A short one, but typical nonetheless:

Me: Jurong East Library please.

Driver: *silence*

Drive: Do you know there’s a library nearby? There’s one near Jurong Point. You should go there instead.

Me: But I asked to go to Jurong East Library, no?

Posted by: markashworth | March 30, 2010

Great Signs That Your Taxi Journey will be Interesting

Great Signs That Your Taxi Journey will be Interesting

- Driver repeats your destination v e r y s l o w l y with a deep level of uncertainty.

- Driver doesn’t want to take you home. He wants to take you to a party in Geylang.

- You do actually live in Geylang and the driver thinks the party is at your place.
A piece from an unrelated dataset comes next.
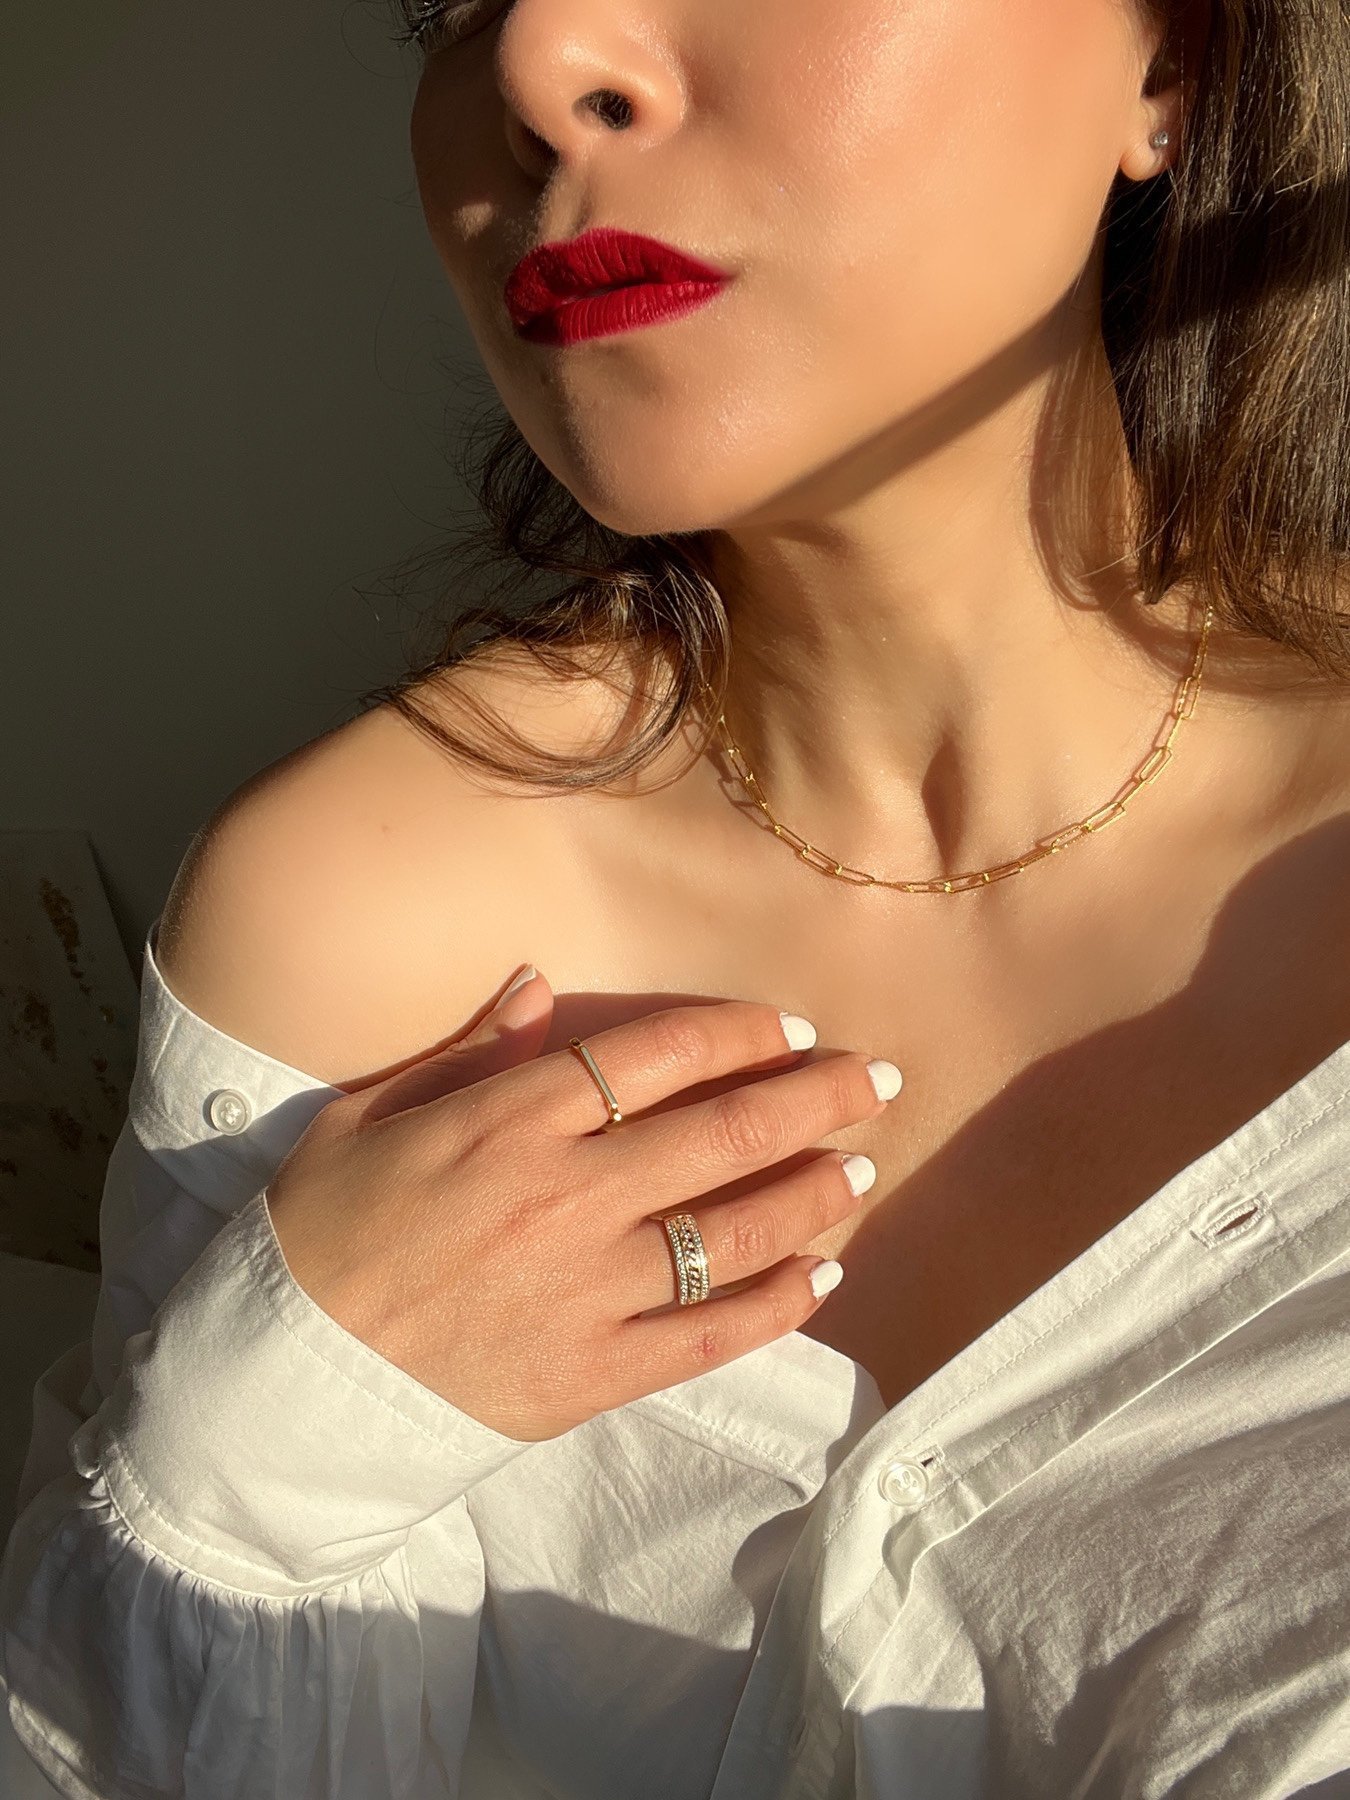 Monica Vinader jewellery on woman with red lips and white shirt

- After a few minutes of driving, you see a sign that says ‘Changi Airport 2km’

- You get in the cab and the driver says “Ah!”
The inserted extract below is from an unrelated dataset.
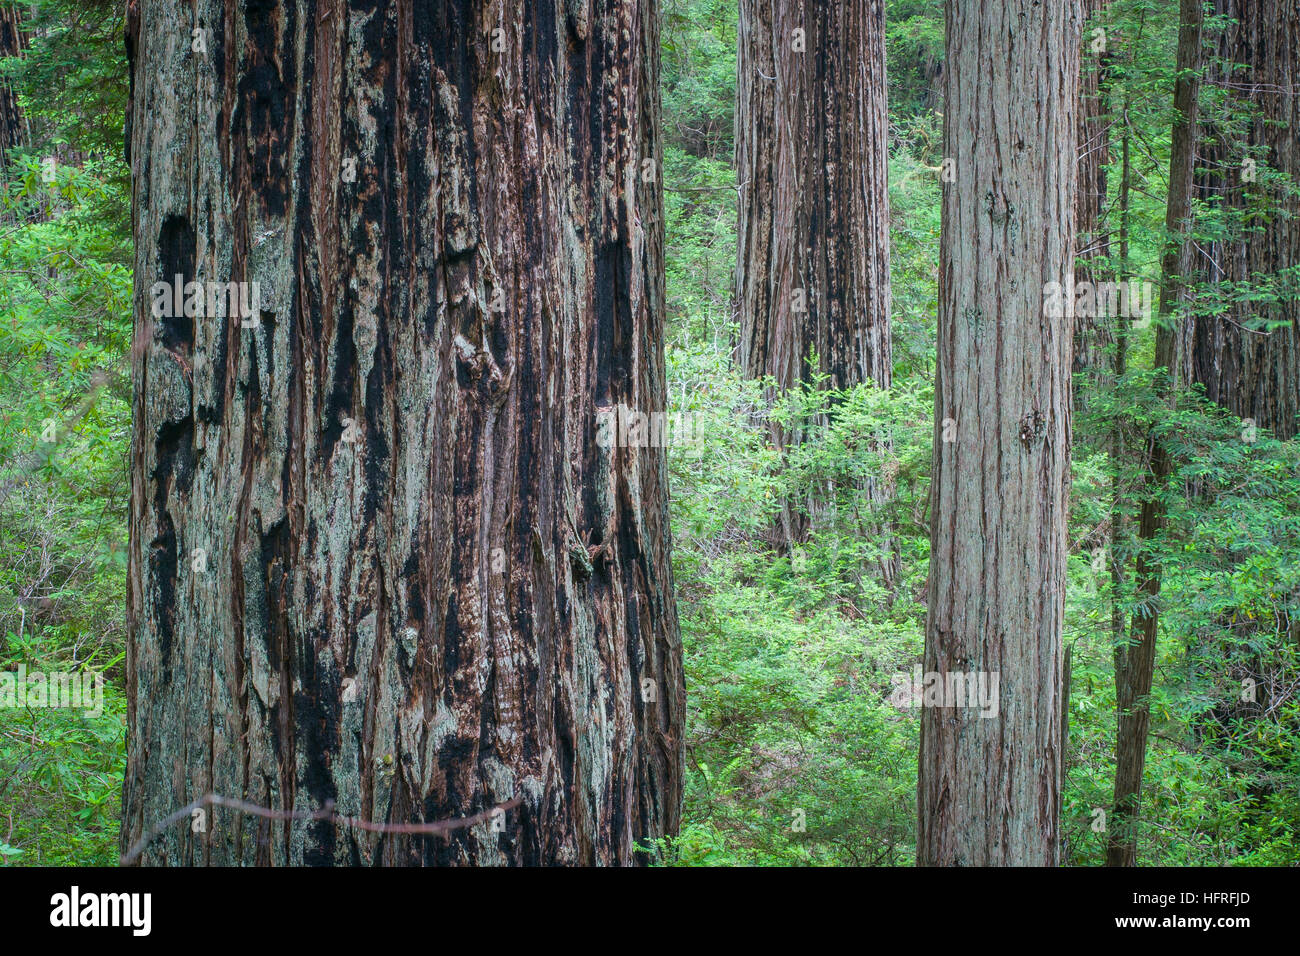 Old-growth California Redwood trees in Redwood National Park, California, USA. Stock Photo

- Your driver says, ang moh ah ah, we go Clarke Quay izzit?

- Driver has an excessively good stereo system complete with amplifier and bass tubes in the back, and blasts out Hokkien top ten hits.

- Driver greets you with “Brake no work only han-brake got work OK or not?”

- The first thing the driver says is “I tell you ah! …”

Posted by: markashworth | February 5, 2010

Your friend IS from Nepal

Drivers who have been on the road for many years have, more often than not, amassed vast amounts of knowledge from their travels and conversations with the masses of people they have met from all around the world. This knowledge comes into play when judging the race of passengers.

Driver: *spouts some Mandarin, and some more Mandarin… presumably something about his last passenger*

[long silence]

Driver: *more Mandarin*

Me: Wooo bu keeeee yiiii shhhhouuuu…

[then the driver turns around and looks at me]

Driver: Oh! No wonder you didn’t say anything just now.

Me: Ha ha.

Driver: Where are you from?

Me: [usual response]

Driver: No wonder… but why didn’t your friend respond?

Mark’s Friend: I’m not Chinese. I’m from Bangladesh.

Driver: No you’re not.

[interlude]

Driver: You look Chinese. You’re not from Bangladesh.

Mark’s Friend: I’m Bangladeshi. I grew up in Dhaka.

Driver: No. I don’t think so. You’re from Nepal.

Mark’s Friend: I’m not.

Driver: Yes you are. I know. You don’t look like a Bangladeshi. You must be from Nepal.

Mark: Really? You’ve been a Ghurka all this time and never told me?

Posted by: markashworth | January 15, 2010

Another one sided conversation with a taxi driver

I don’t exactly write these down as they happen, nor do I post them immediately. This one’s from a few years ago:

Driver: Where you from?

Me: England

Driver: Where?

Me: England

Driver: Where?

Me: The UK

Driver: Ah! The UK ah.

Me: Yeah

Driver: You stay in Singapore many years oreddi?

Me: Yeah. Many

Driver: Wahhh. Good. You marry Singapore girl?

Me: Yeah

Driver: Wahhhh. How long you marry?

Me: Just married, two months.

Driver: Wah just married ah. A lot of adjustment to be make.

Me: Well, we’ve been living together for five years.

Driver: I tell you ah. When you first get married. A lot of adjustment problems. Last time ah. My son get married, always he always correl with his wife one.

Me: Yeah its not too bad, we lived together for five years before we got married.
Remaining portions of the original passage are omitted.